[Work task]
Copy the data precisely, character for character, and leave out every picture.

[Source material]
------------------------------

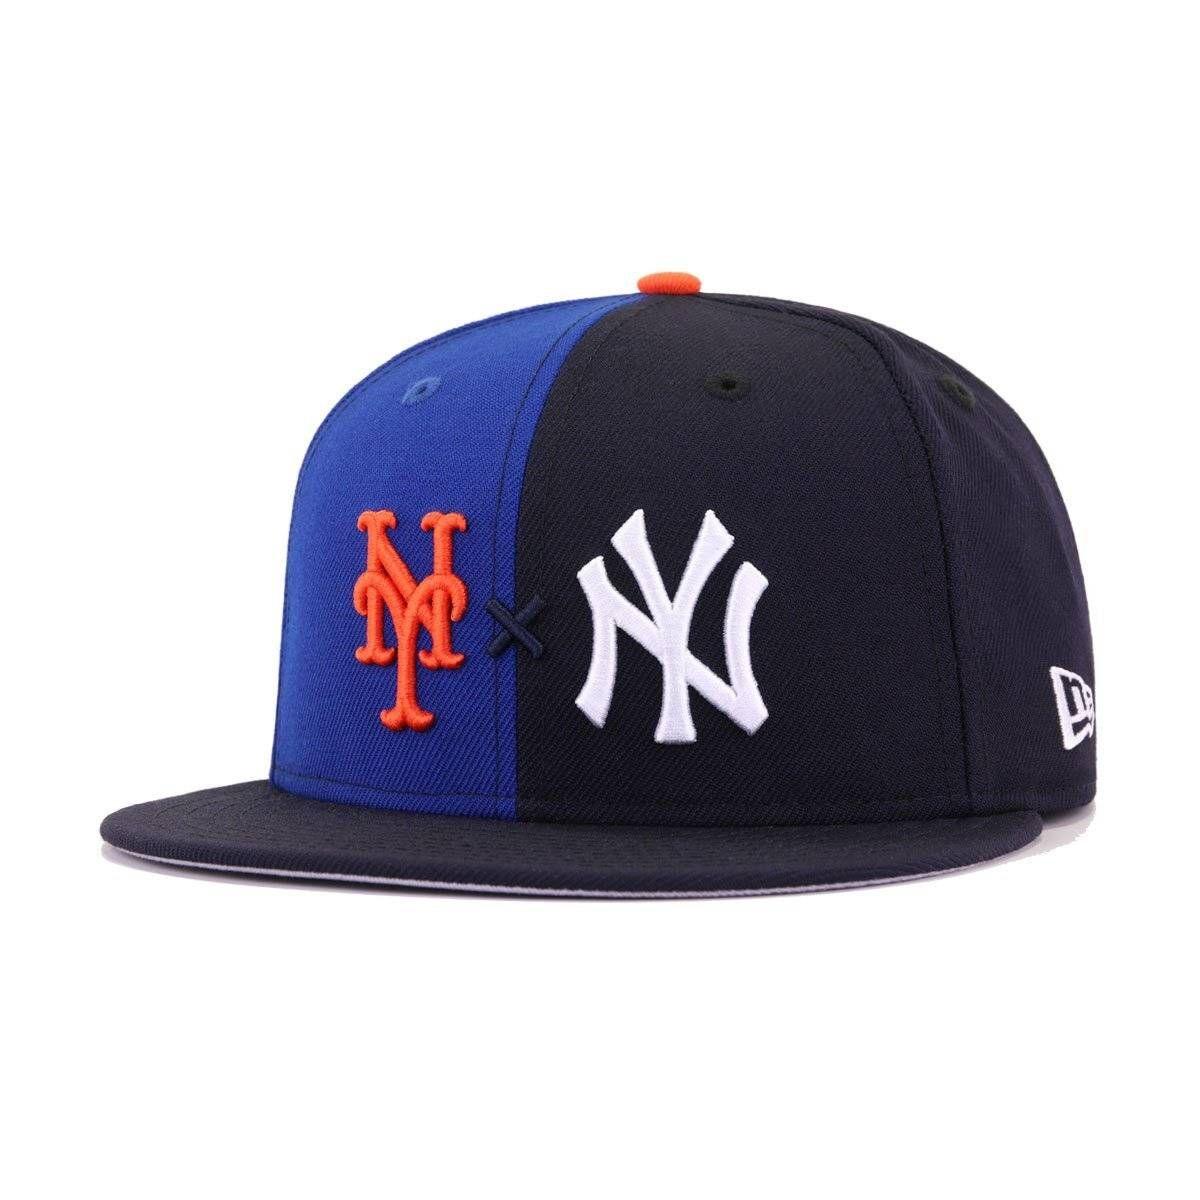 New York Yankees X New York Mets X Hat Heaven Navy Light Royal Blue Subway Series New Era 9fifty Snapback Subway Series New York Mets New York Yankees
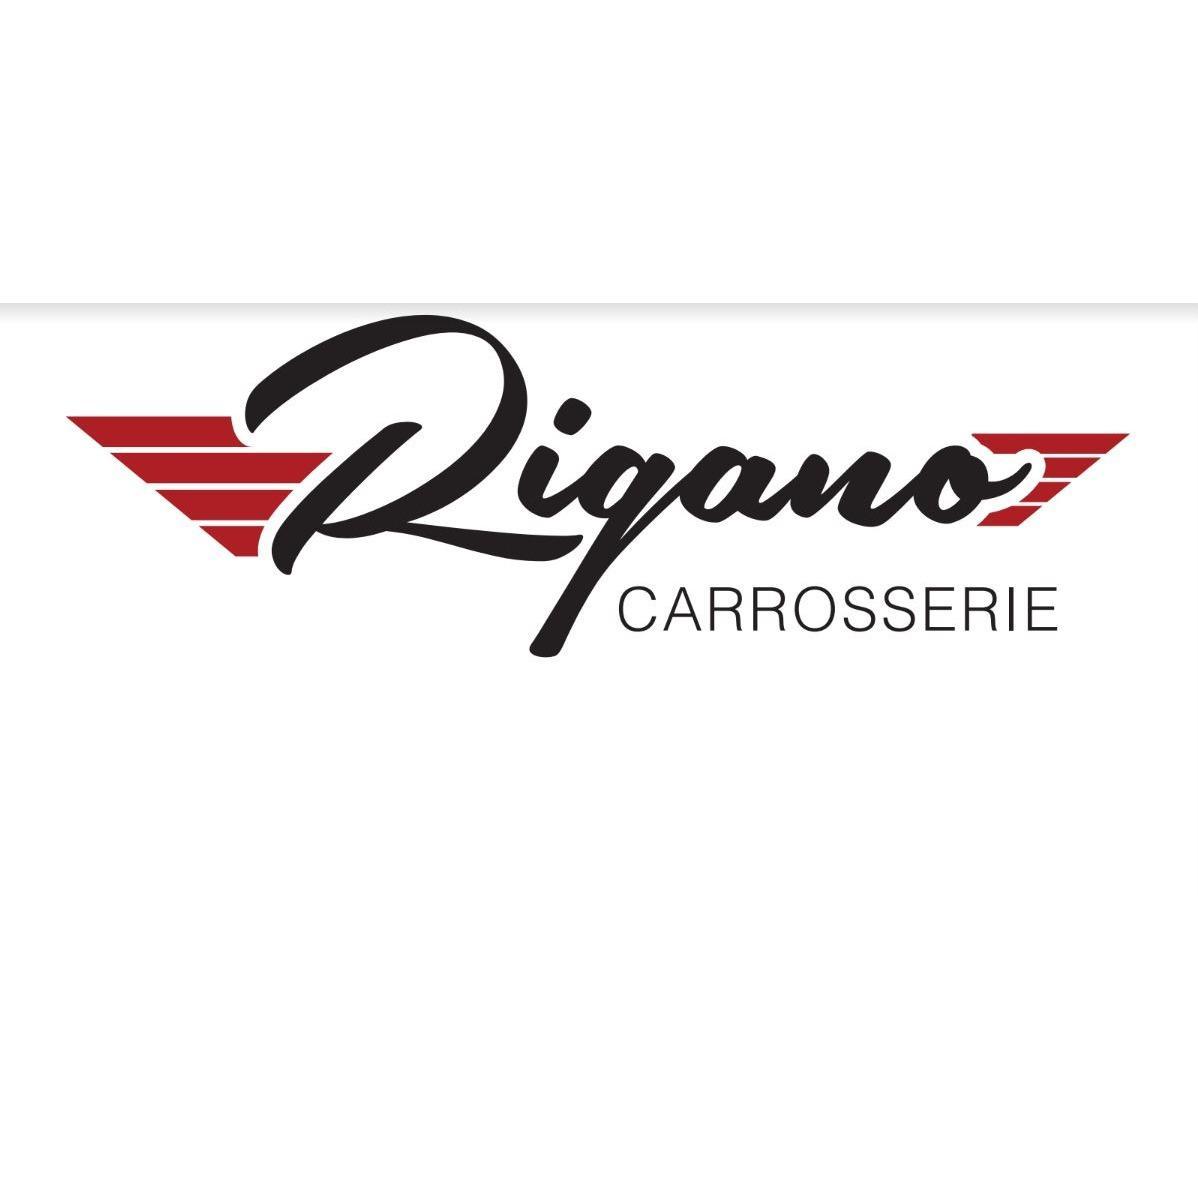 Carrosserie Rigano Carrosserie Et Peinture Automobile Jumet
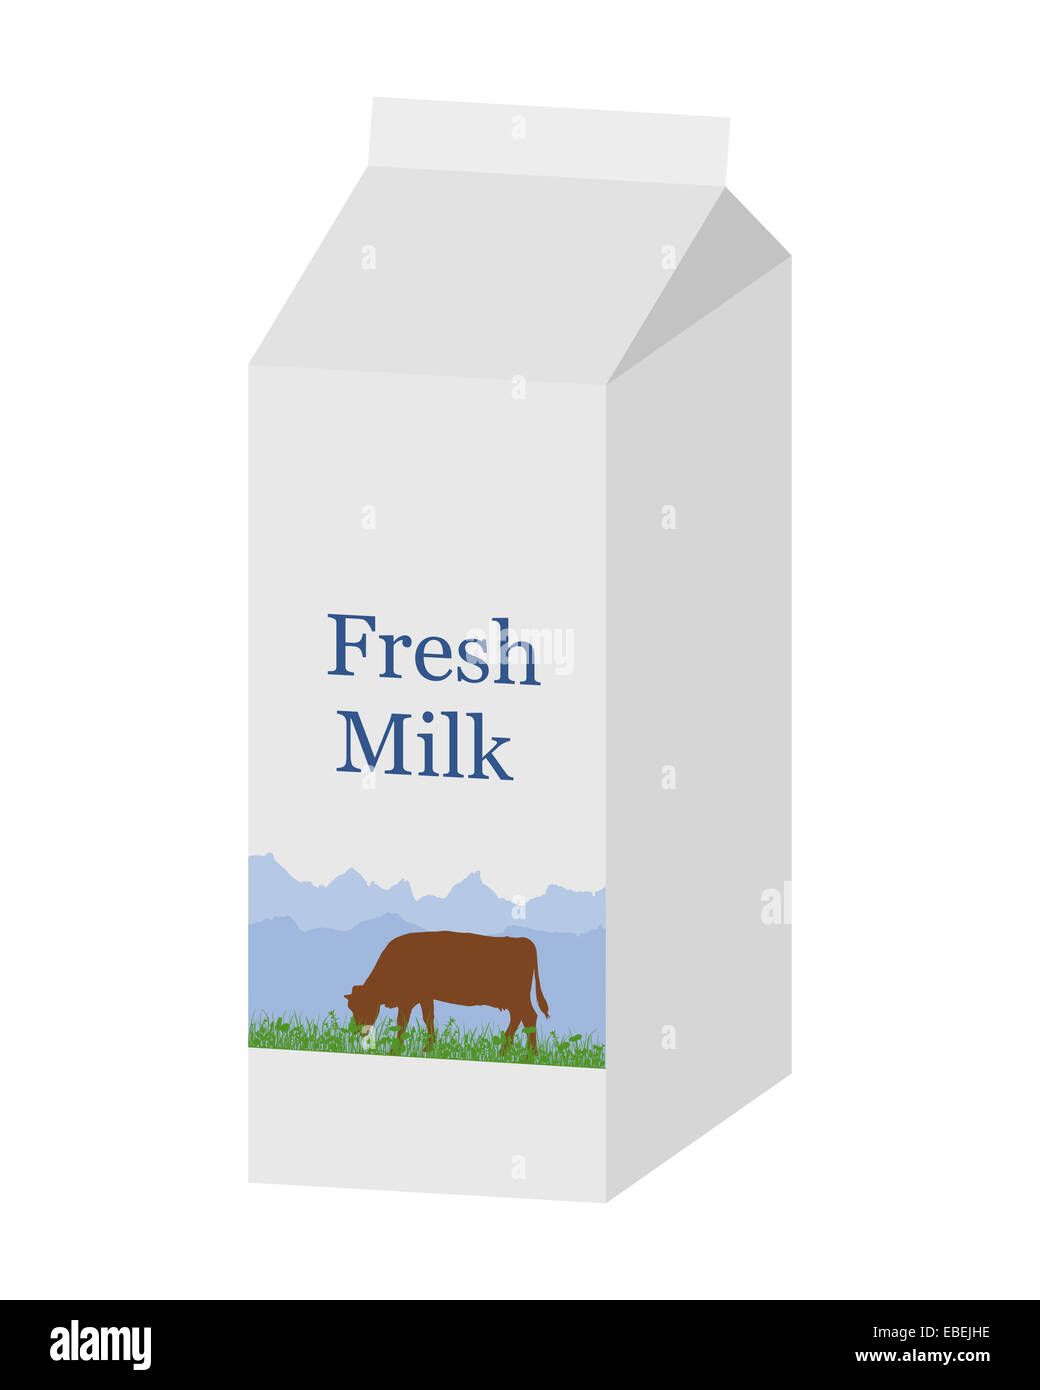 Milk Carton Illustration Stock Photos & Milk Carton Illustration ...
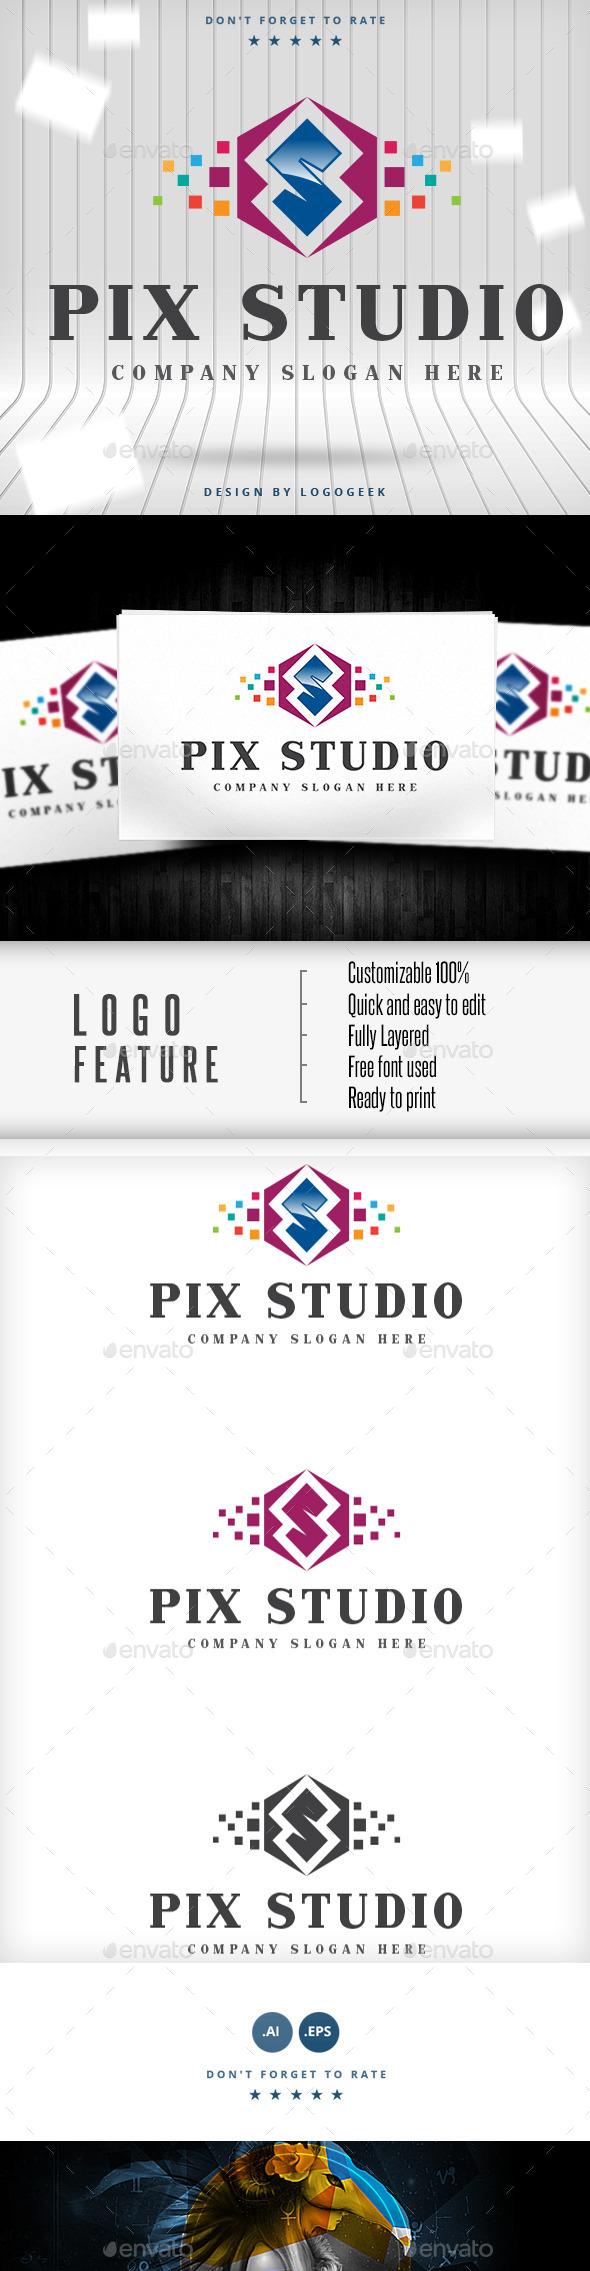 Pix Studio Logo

------------------------------

[Answer section]
 New York Yankees X New York Mets X Hat Heaven Navy Light Royal Blue Subway Series New Era 9fifty Snapback Subway Series New York Mets New York Yankees
 Carrosserie Rigano Carrosserie Et Peinture Automobile Jumet
 Milk Carton Illustration Stock Photos & Milk Carton Illustration ...
 Pix Studio Logo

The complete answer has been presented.